Friday, October 25

In Mexico, 'the fight is between those above against those below'

Olvera Square, Los Angeles.
Olvera Square, Los Angeles.

Photo: Aurelia Ventura / Impremedia / La Opinión

“Tell them they are hurting themselves. That they have been deceived by the corporate ‘disinformation’ media and that attacking the current administration is like attacking the majority of Mexicans and Mexico. He also writes that attacking López Obrador is affecting his own family, whether they are from the working class, friends, and middle-class or low-income communities that in the last 40 years have been affected and condemned to a poverty from which it is almost impossible to get out honestly. It was not for nothing that people said: ‘he who does not compromise, does not advance’”.

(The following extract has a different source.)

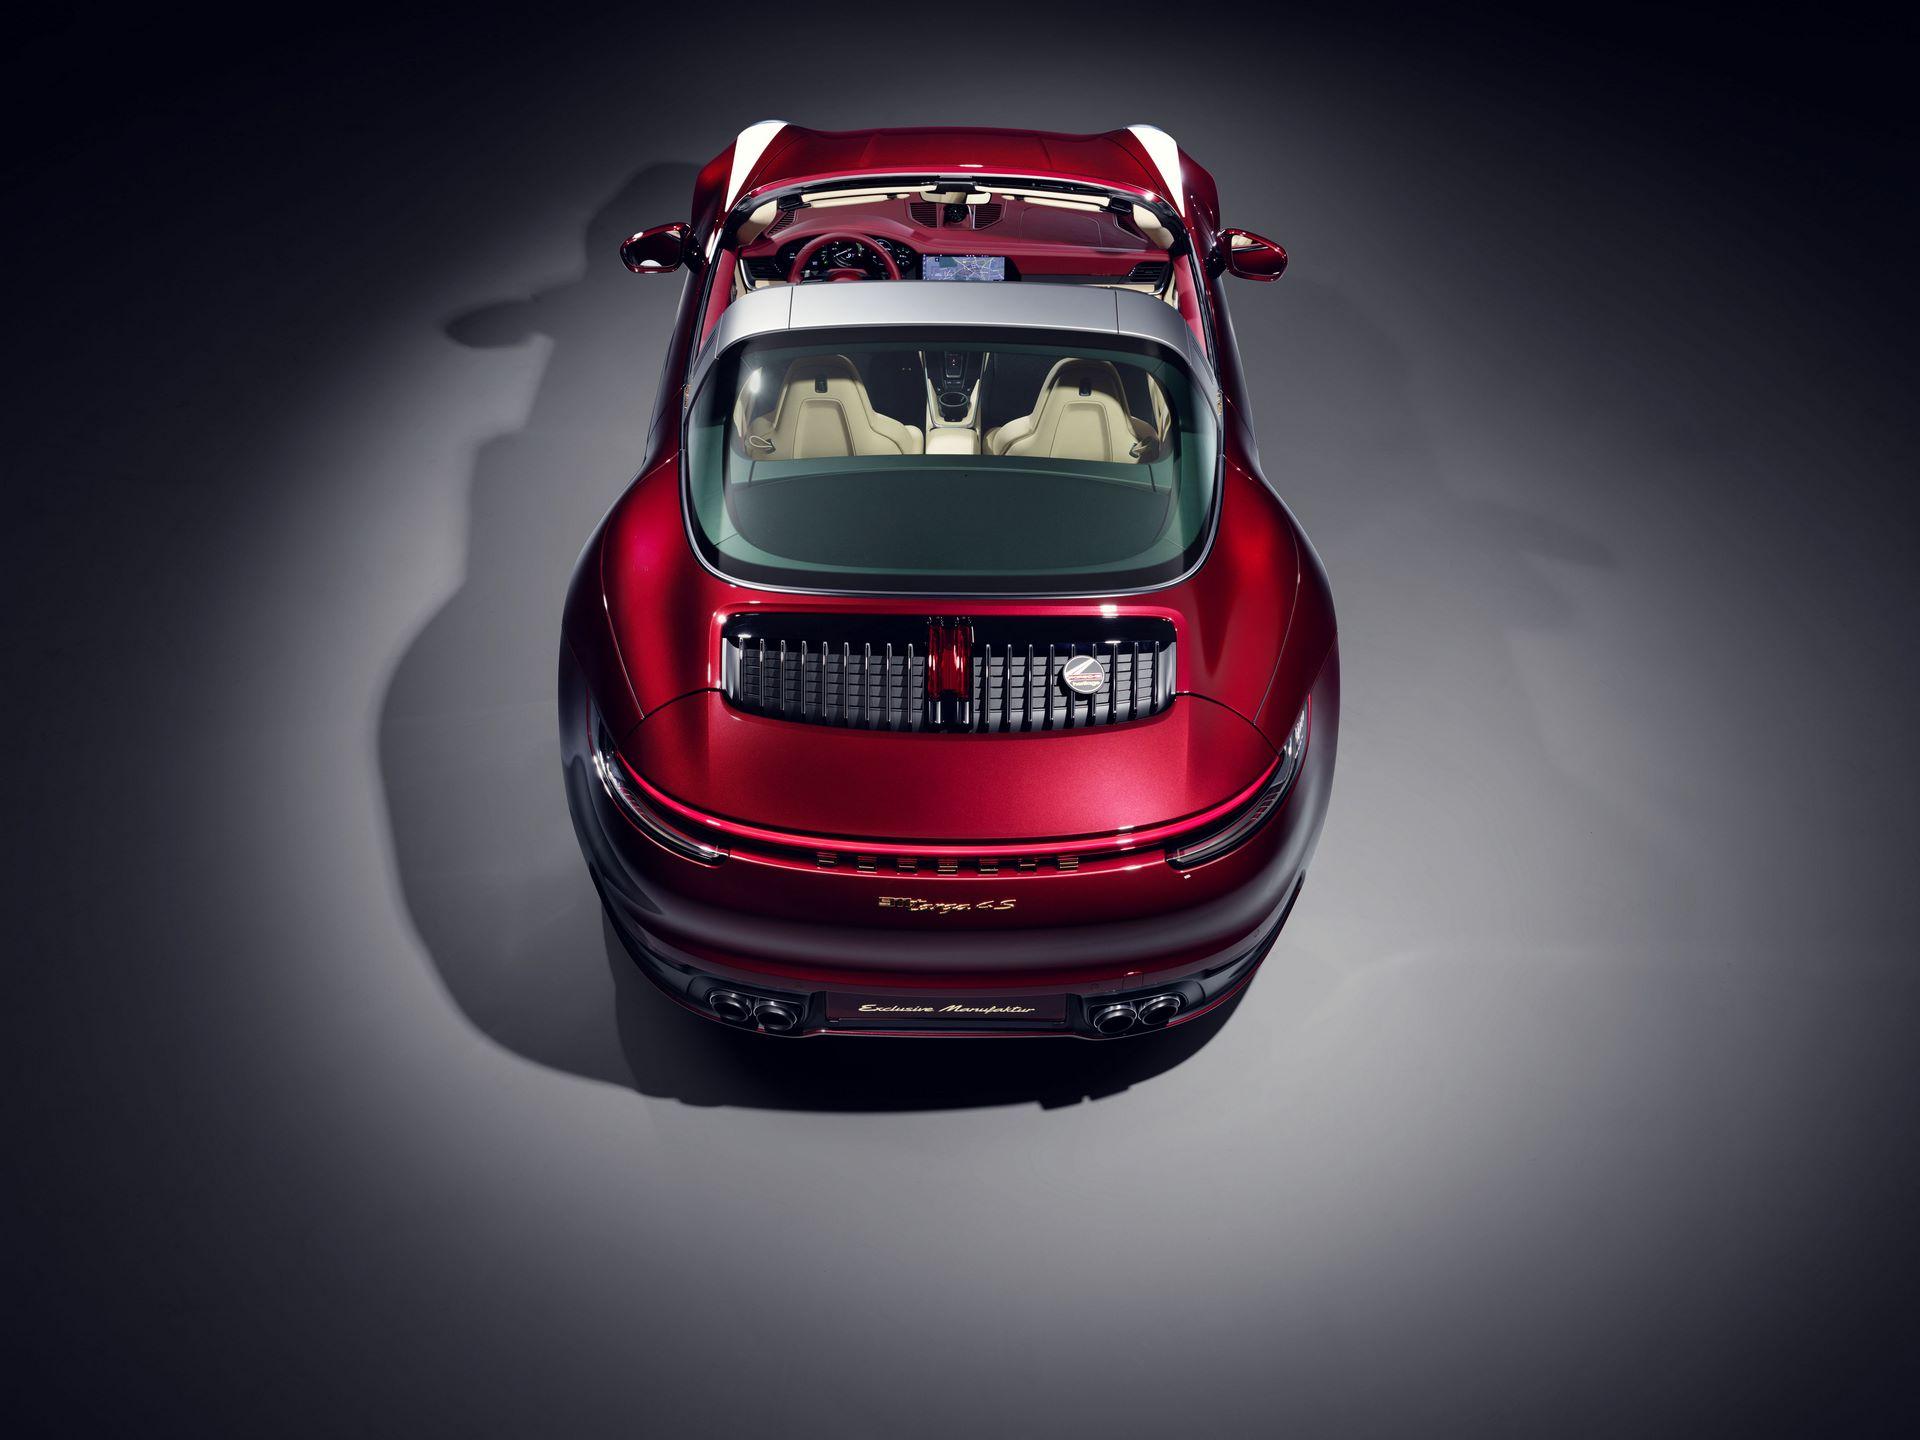 Porsche-911-Targa-4S-Heritage-Design-Edition-41

The words of Don Isidro Mora, originally from Ciudad Nezahualcóyotl, State of Mexico, are the echo of the clamor of millions of Mexicans who, like him, had to leave their country several decades ago due to the abuses committed by an economic model that promised a substantial spillover to all social classes from top to bottom; something that not only did not happen, but further privileged the classes that literally already had everything. Neoliberalism, in this sense, was the main generator of poor people and creator of involuntary migrants who saw their only salvation in the north.

Today, at the age of 63, installed since then in the city of Los Angeles, Don Isidro remembers, with his gaze lost in Placita Olvera, a painful event that occurred to his son of the same name after leaving his country when options ran out: “I lost my 17-year-old son when we tried to cross the Rio Grande. I did manage to cross it, but he was carried away by the current.”

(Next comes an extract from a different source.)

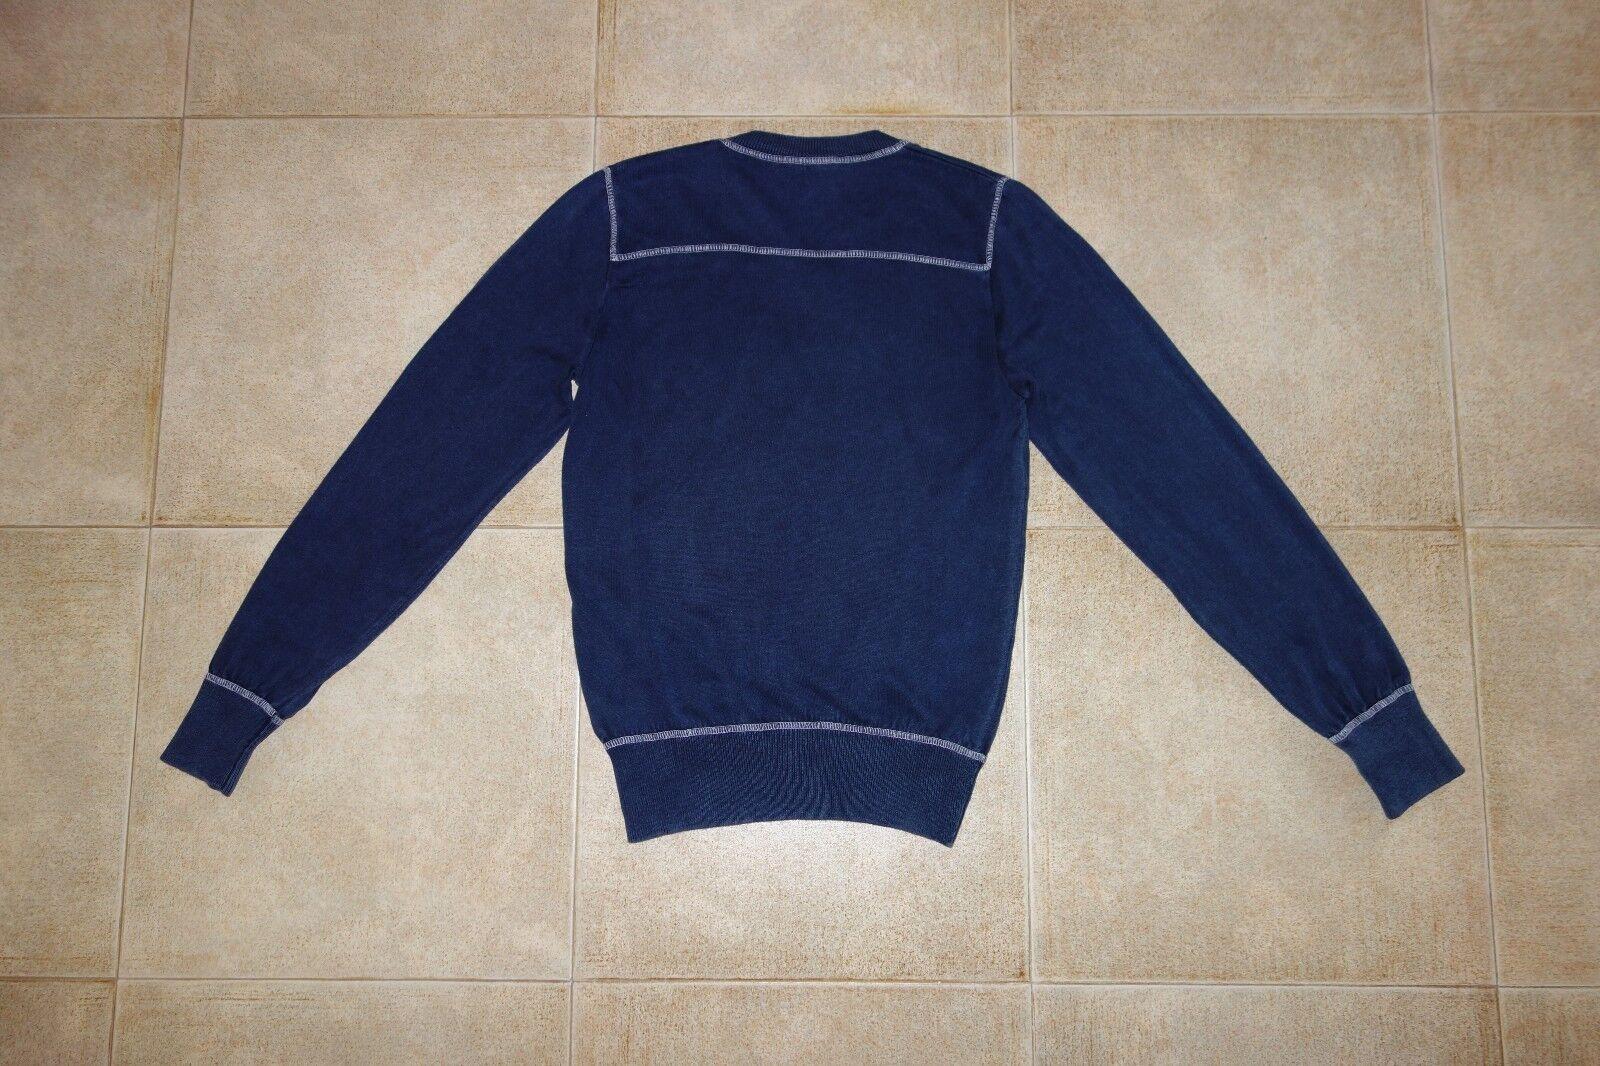 Dsquarosso² Run. CHIP CHIP CHIP CHIP Felpa Maglione Sweater M SS/04 71YM053 MadeInItaly 96ed4b

Don Isidro has not been able to return to Mexico due to the lack of documents in the United States, although he does not stop sending his money to his wife and his three remaining children, all of whom are adults.

He remembers that in the 1990s, during the time of former presidents Carlos Salinas de Gortari and Ernesto Zedillo, he lost his job and, desperate to find another job, decided to come to the United States with his youngest son. But his little one couldn’t reach the shore no matter how much he yelled at her.

“They forget the pain caused by their decisions to privatize everything, run people off, and leave them without sources of employment,” explains Don Isidro. “We were not the only ones, thousands of families were affected, while the PRIANRD governments never cared.”

He adds that the worst thing “is that they still want to return to power, as if all the pain and poverty caused had not been enough.”

For his part, Don Rutilo Macías, one of Don Isidro’s older friends, explains that, in Iztapalapa, Ecatepec, Nezahualcóyotl or any other place with high levels of poverty and marginalization rates, having a university education no longer meant climbing the social ladder.

“Before they used to say —says Don Rutilo—, go to school so that you do well in life. But it’s not true, at least not if you were born poor and graduated in the last 40 years.”

He also explains that his son graduated in the 1980s as a Business Administrator and later found a job at Asemex, but when it was privatized in the 1990s, he lost his job and could never recover.

“If he had continued in that job, he would already be close to retirement and with a good retirement. But he could never settle in well, he tried to come to the United States, but they caught him twice and he decided to stay in Mexico instead. Today, at the age of 55, he still has to work almost 12 hours a day as a salesman to survive ”.

He adds that his son has worked all his life and is not an “asshole”, as former President Vicente Fox says. “That man is ignorant, I don’t know how he came to power. Of course, he does want his millionaire pension back. How little m…”.

The problem with your son is that, even if he reaches retirement age, he will not have a guaranteed pension, since he has worked independently; However, he hopes that with the social assistance of President López Obrador and what he can continue to send to his family, his situation will not be so complicated.

“Those politicians —from the PRIANRD— don’t know how they affected millions of families, and all because of the ambition to steal and let them steal with full hands,” explains Macías. “I stopped seeing my family, I missed my children’s birthdays and now several grandchildren’s, all because at that time the governments stole and let foreign companies steal. But what about the rest of the Mexicans?

He adds that even the qualifications of sell-outs and corrupt for those of the opposition in Mexico fall short, if one counts the damage they did to the people of Mexico, not only economically, but above all the pain caused by the death generated by violence and inequality.

“I hope they never come back,” he says categorically.

After a broad talk in Placita Olvera, in downtown Los Angeles, a place where they spent a good time enjoying the dances and the people who came and went, the immigrants said that they hope that Mexicans have woken up and in the 2024 elections they will not give a single vote to PRIANRD.

In their conversation, these two immigrants showed that they were clear that the struggle for power in Mexico is not between the left or the right, liberals against conservatives, but that the real struggle and the one that has always existed, they said, is the struggle of those above against those below. “There is no more,” they assured.

After more than three decades outside of Mexico, neither Don Isidro nor Don Rutilo lose hope of returning to their family.

Agustín Durán is the local editor of the newspaper La Opinión, in the city of Los Angeles.